(YOUR INSTRUCTIONS): Beginning with the line containing "Akropolis bij zonsondergang" and ending at the last line of the data, set down every line exactly, leaving out all pictures.

(SUPPLIED DATA):
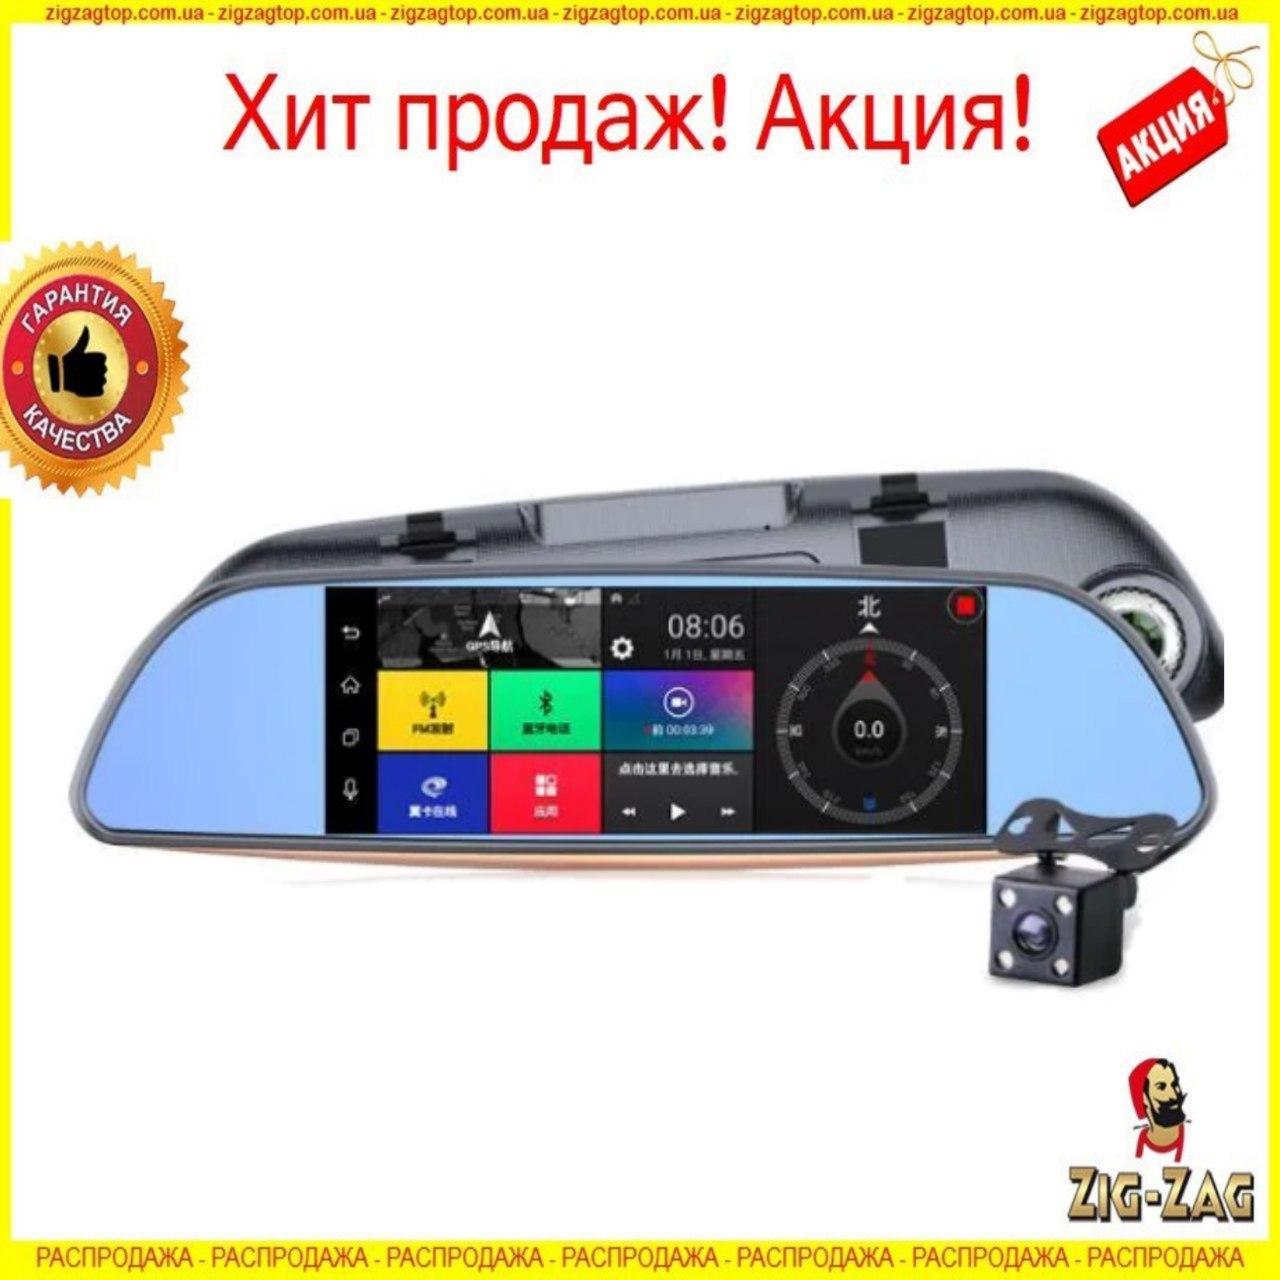 Автомобільний відеореєстратор Дзеркало DVR Full HD 1080 D35 в машину 3G/ GPS / WiFi / 8 ГБ / Сенсорним екраном
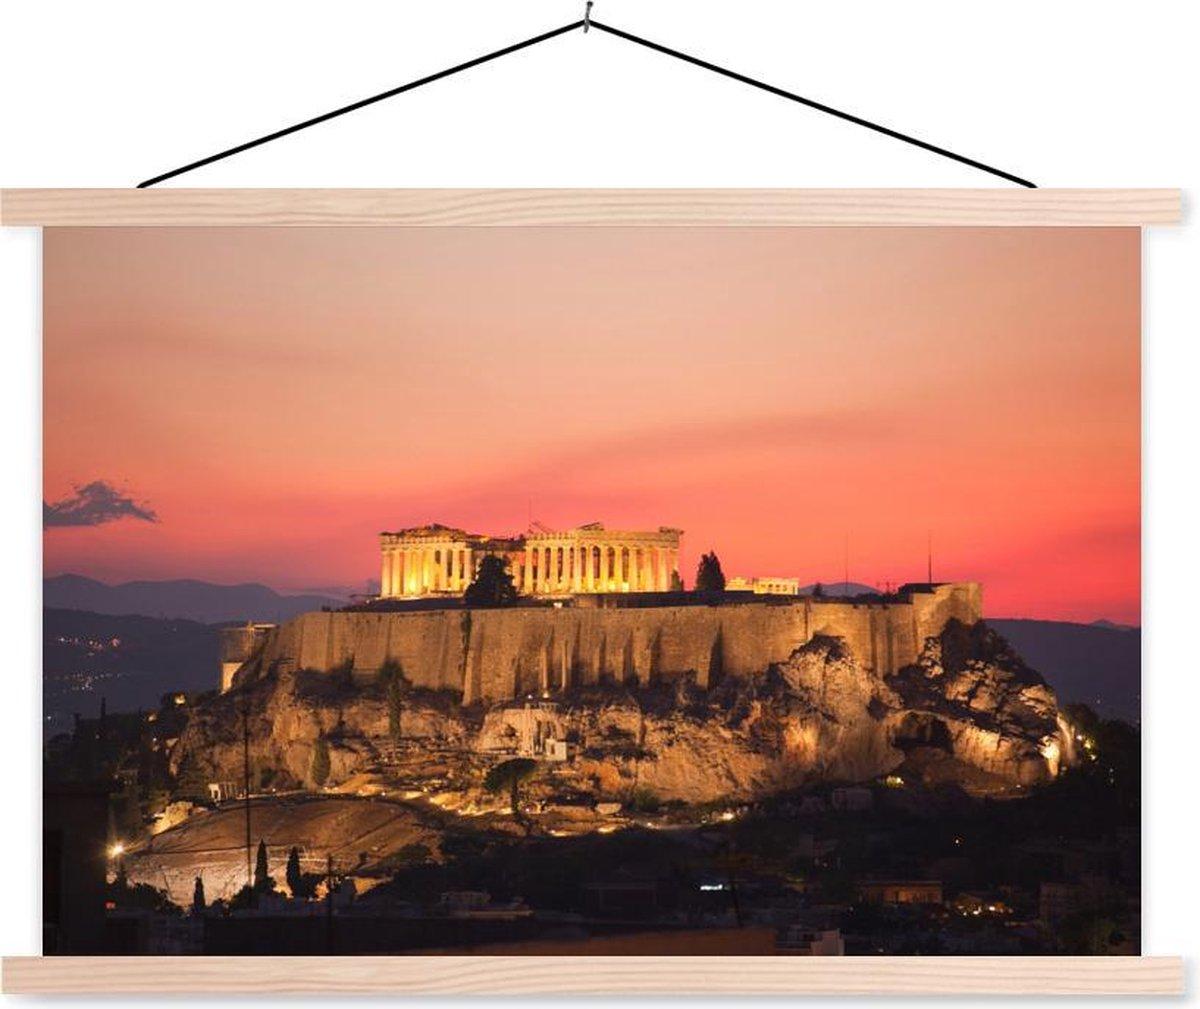 Akropolis bij zonsondergang schoolplaat platte latten blank 120x80 cm - Foto print op textielposter (wanddecoratie woonkamer/slaapkamer)
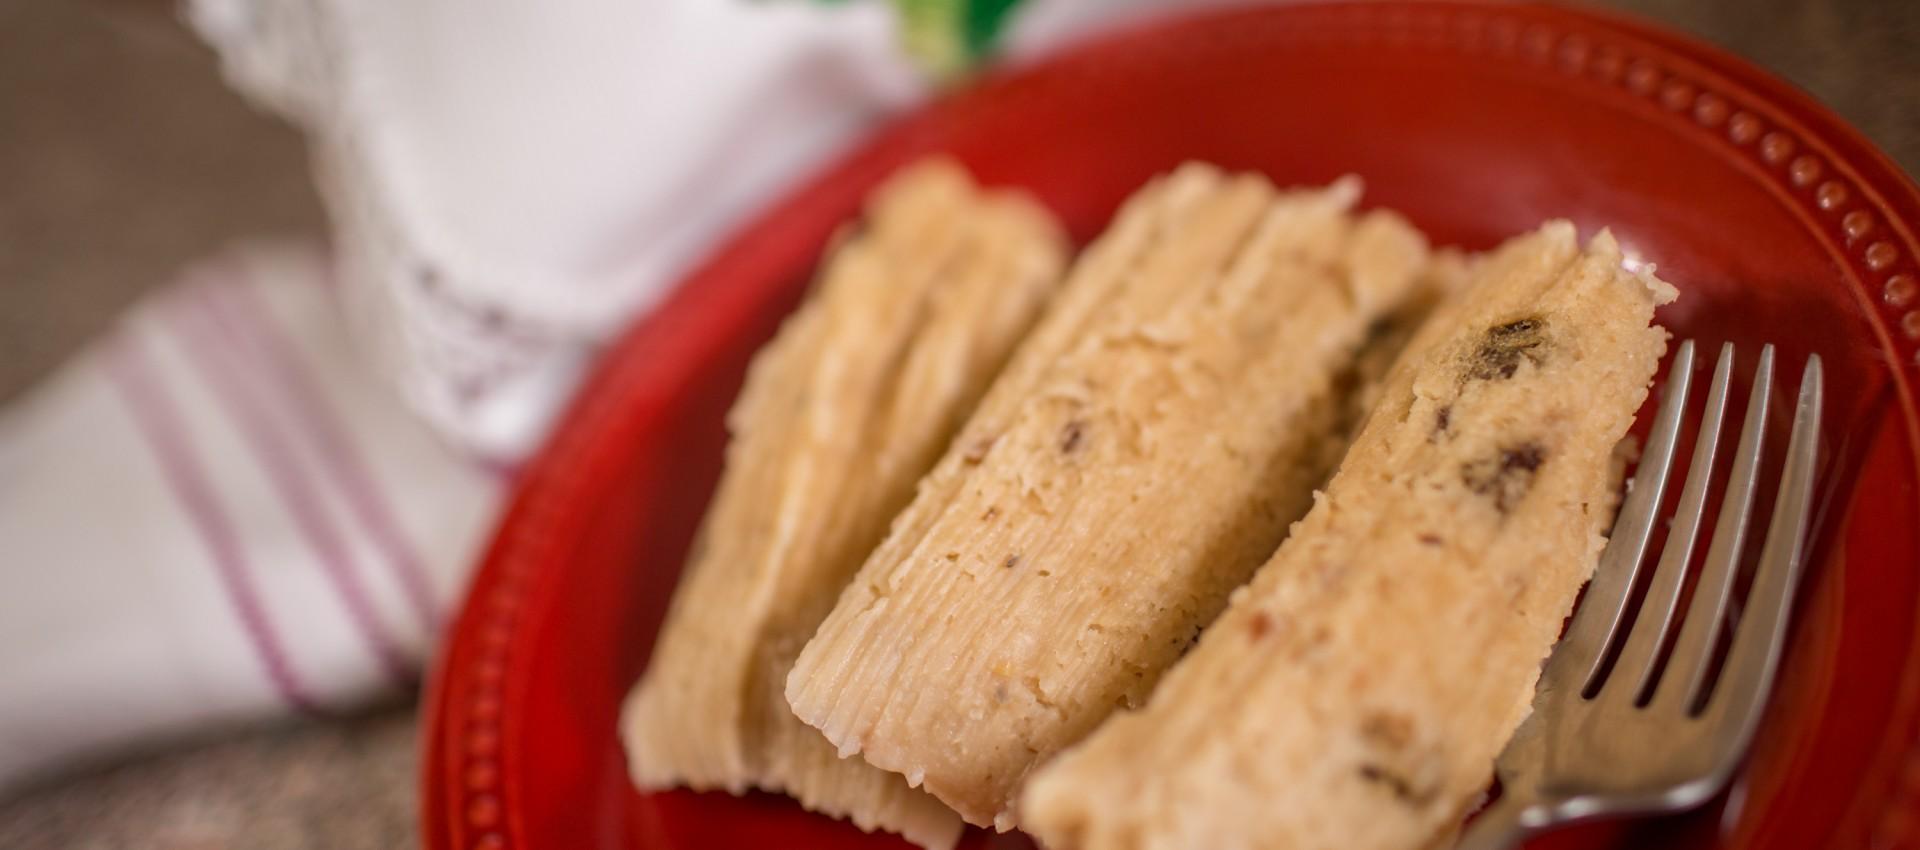 Sweet Peanut Tamales Image
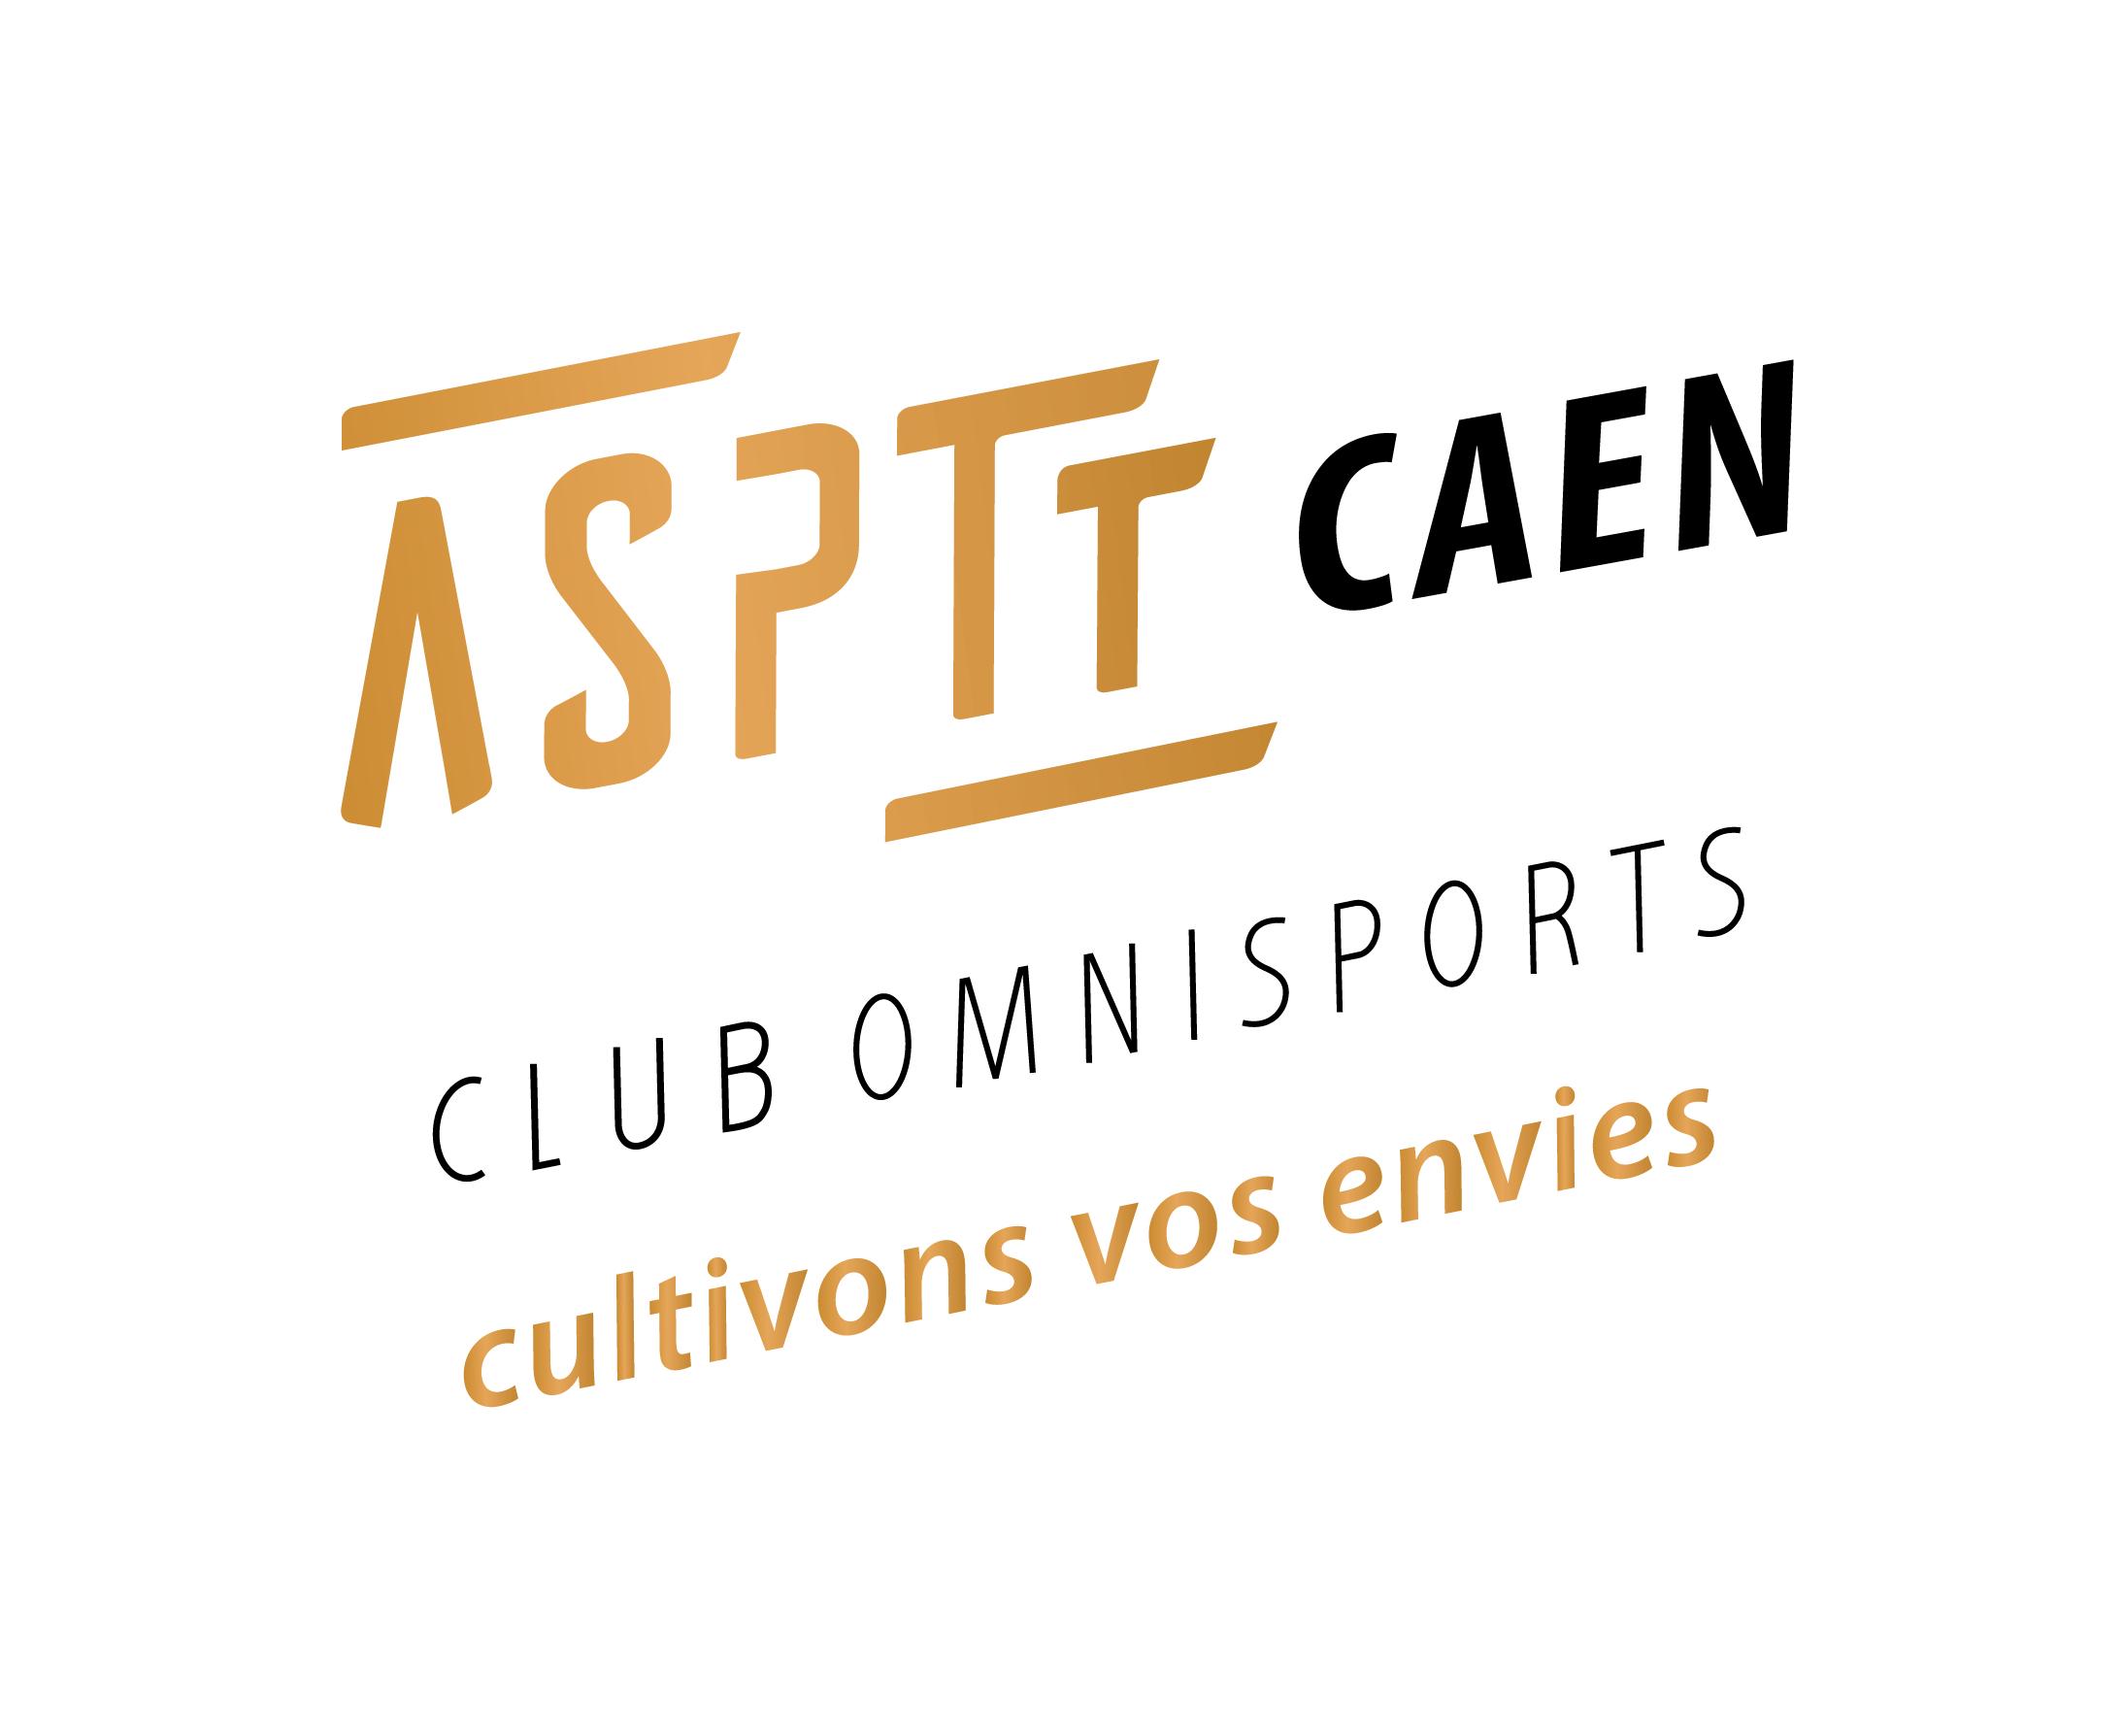 Club omnisports ouvert à tous : 1 club 15 activités

(EXERCISE OUTPUT):
 Akropolis bij zonsondergang schoolplaat platte latten blank 120x80 cm - Foto print op textielposter (wanddecoratie woonkamer/slaapkamer)
 Sweet Peanut Tamales Image
 Club omnisports ouvert à tous : 1 club 15 activités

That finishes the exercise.